Section 6: Virtual memory

The pset for this unit concerns our tiny WeensyOS operating system. Our section concerns x86-64 virtual memory and WeensyOS’s internal interfaces for dealing with virtual memory. It will be easiest to follow if you are familiar with the problem set specification.

The coding exercises in this section use the cs61-sections/kernels1 subdirectory. This version of WeensyOS uses identity mappings; all processes share the same page table (the kernel page table), but the kernel is isolated. This resembles the state of your pset 3 after step 1.

What is virtual memory?

Virtual memory is the processor feature that supports process isolation for primary memory (the part of the computer that stores data and has addresses). It allows different processes to have completely different views of memory. For instance, the data stored at address 0x100000 in the two processes might be totally different, even though the addresses are the same.

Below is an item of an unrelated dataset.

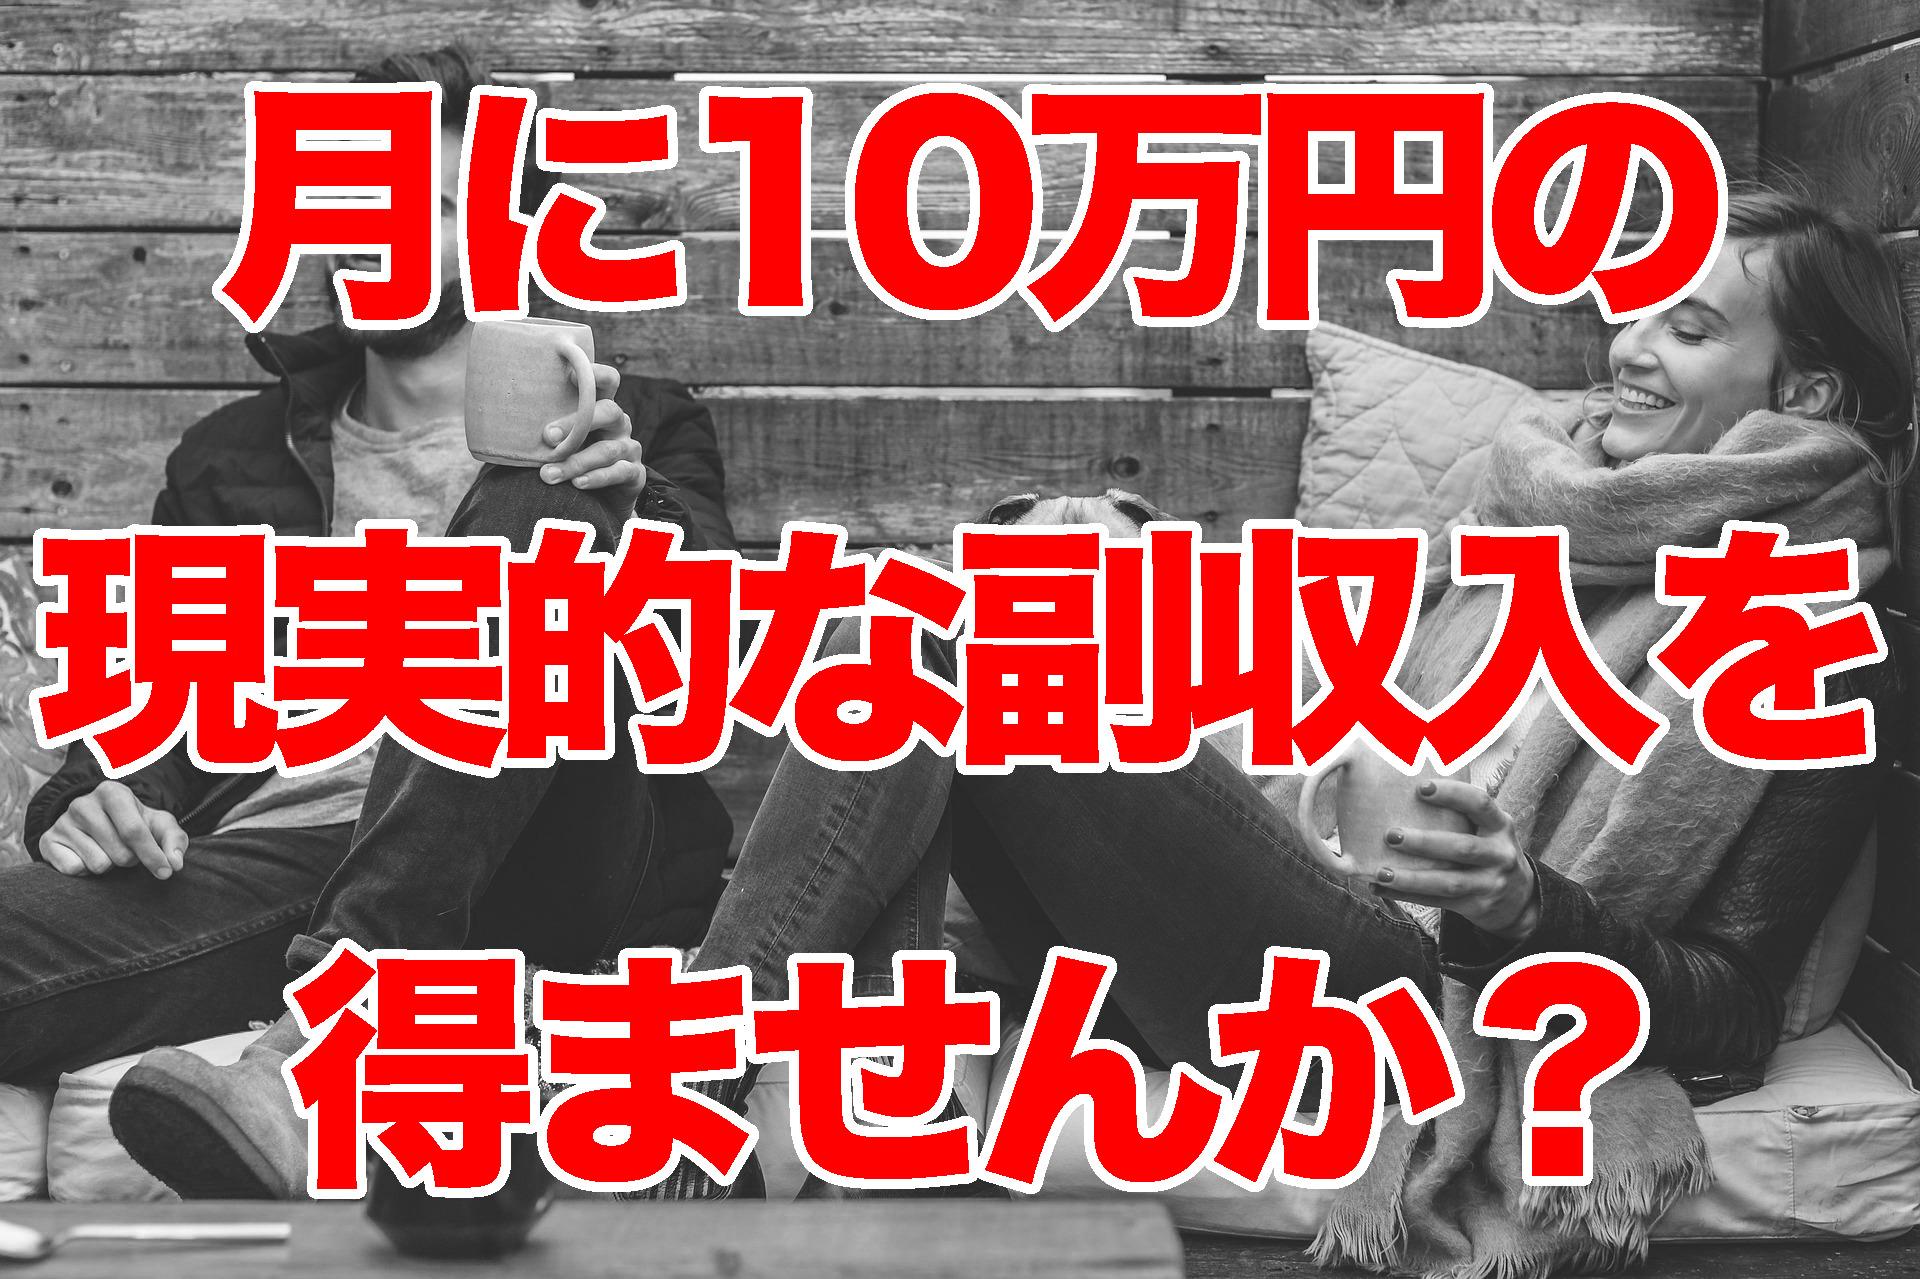 """<div style=""""margin: 0px; padding: 0px; color: rgb(51, 51, 51); font-family: メイリオ, Meiryo, """"ヒラギノ角ゴ Pro W3"""", """"Hiragino Kaku Gothic Pro"""", """"MS Pゴシック"""", """"MS UI Gothic"""", Helvetica, Arial, sans-serif; font-size: medium;""""><span style=""""font-weight: 700;""""><font size=""""5""""><u>副業で絶対に稼ぎたいあなたへ</u></font></span></div><div style=""""margin: 0px; padding: 0px; color: rgb(51, 51, 51); font-family: メイリオ, Meiryo, """"ヒラギノ角ゴ Pro W3"""", """"Hiragino Kaku Gothic Pro"""", """"MS Pゴシック"""", """"MS UI Gothic"""", Helvetica, Arial, sans-serif; font-size: medium;""""><span style=""""font-weight: 700;""""><font size=""""5""""><br></font></span></div><div style=""""margin: 0px; padding: 0px; color: rgb(51, 51, 51); font-family: メイリオ, Meiryo, """"ヒラギノ角ゴ Pro W3"""", """"Hiragino Kaku Gothic Pro"""", """"MS Pゴシック"""", """"MS UI Gothic"""", Helvetica, Arial, sans-serif; font-size: medium;""""><font size=""""5""""><span style=""""font-weight: 700;"""">まずは、</span></font></div><div style=""""margin: 0px; padding: 0px; color: rgb(51, 51, 51); font-family: メイリオ, Meiryo, """"ヒラギノ角ゴ Pro W3"""", """"Hiragino Kaku Gothic Pro"""", """"MS Pゴシック"""", """"MS UI Gothic"""", Helvetica, Arial, sans-serif; font-size: medium;""""><font size=""""5""""><span style=""""font-weight: 700;"""">月に数万円~十数万円という</span></font></div><div style=""""margin: 0px; padding: 0px; color: rgb(51, 51, 51); font-family: メイリオ, Meiryo, """"ヒラギノ角ゴ Pro W3"""", """"Hiragino Kaku Gothic Pro"""", """"MS Pゴシック"""", """"MS UI Gothic"""", Helvetica, Arial, sans-serif; font-size: medium;""""><font size=""""5""""><span style=""""font-weight: 700;"""">現実的な収入を手に入れませんか?</span></font></div><div style=""""margin: 0px; padding: 0px; color: rgb(51, 51, 51); font-family: メイリオ, Meiryo, """"ヒラギノ角ゴ Pro W3"""", """"Hiragino Kaku Gothic Pro"""", """"MS Pゴシック"""", """"MS UI Gothic"""", Helvetica, Arial, sans-serif; font-size: medium;""""><br></div><div style=""""margin: 0px; padding: 0px; color: rgb(51, 51, 51); font-family: メイリオ, Meiryo, """"ヒラギノ角ゴ Pro W3"""", """"Hiragino Kaku Gothic Pro"""", """"MS Pゴシック"""", """"MS UI Gothic"""", Helvetica, Arial, sans-serif; font-size: medium;""""><span style=""""font-weight: 700;""""><font color=""""#ff0000"""">※初報酬までの時間が早く、即金性もあるため</font></span></div><div style="""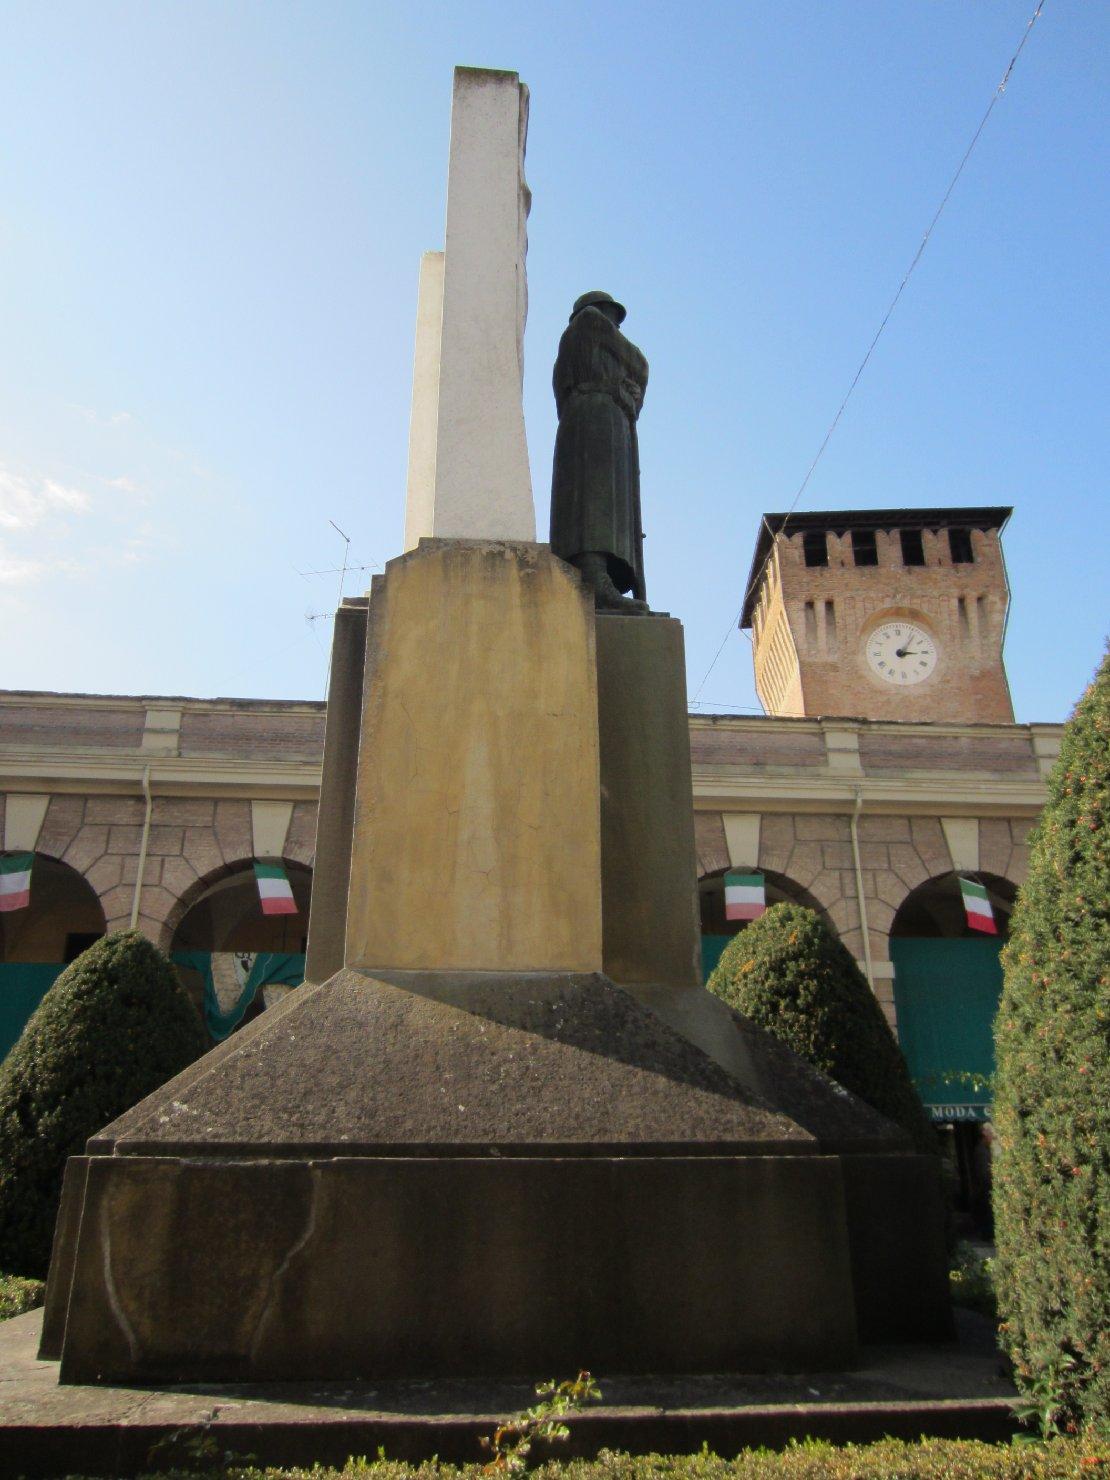 figura di soldato: fante, allegoria della Vittoria come donna vestita all'antica (monumento ai caduti - a cippo) di Bazzoni Alberto (sec. XX)

Virtual memory is a very powerful technique with many possible use cases, and when originally developed it was not used primarily for isolation, but isolation is its most important use case now.

Part A: Page alignment

x86-64 virtual memory is paged, meaning memory is managed in units of pages—aligned groups of 2¹² = 4096 bytes. The mapping data structure implemented by vmiter is therefore called a page table. A virtual page is a page-aligned sequence of 2¹² contiguous virtual addresses, and a physical page is a page-aligned sequence of 2¹² contiguous physical addresses.

Paged virtual memory has two features:

Each virtual page maps arbitrarily to any physical page (or to a fault).
But within each page, each address maps onto the corresponding physical address in fixed fashion, relative to the page mapping.

Mathematically, a valid x86-64 virtual memory mapping function \mathscr{P} : \textit{VA} \mapsto \textit{PA} from virtual addresses to physical addresses must be piecewise linear on aligned pages (units of 2¹² bytes). It will meet these requirements:

\mathscr{P}(p \ll 12) = x \ll 12 for some integer x, and
\mathscr{P}((p \ll 12) + o) = \mathscr{P}(p \ll 12) + o whenever 0\leq o <2^{12}.

EXERCISE A1. Assume \mathscr{P}_1 is a virtual memory mapping function having:

\mathscr{P}_1(0) = 0

\mathscr{P}_1(10) = 10

\mathscr{P}_1(\text{0x3009}) = \text{0x19009}

Can \mathscr{P}_1 be a valid x86-64 virtual memory mapping function?

Yes; it meets both requirements.

EXERCISE A2. Assume \mathscr{P}_2 is a virtual memory mapping function having:

\mathscr{P}_2(4095) = 8193

\mathscr{P}_2(4096) = 0

Can \mathscr{P}_2 be a valid x86-64 virtual memory mapping function?

No! 4095 can also be written 0xFFF, so \mathscr{P}_2(\text{0xFFF}) = \mathscr{P}_2((0 \ll 12) + \text{0xFFF}) must equal (x \ll 12) + \text{0xFFF} for some x. But it doesn’t, because 8193 = 0x2001 has lower 12 bits 0x001, not 0xFFF.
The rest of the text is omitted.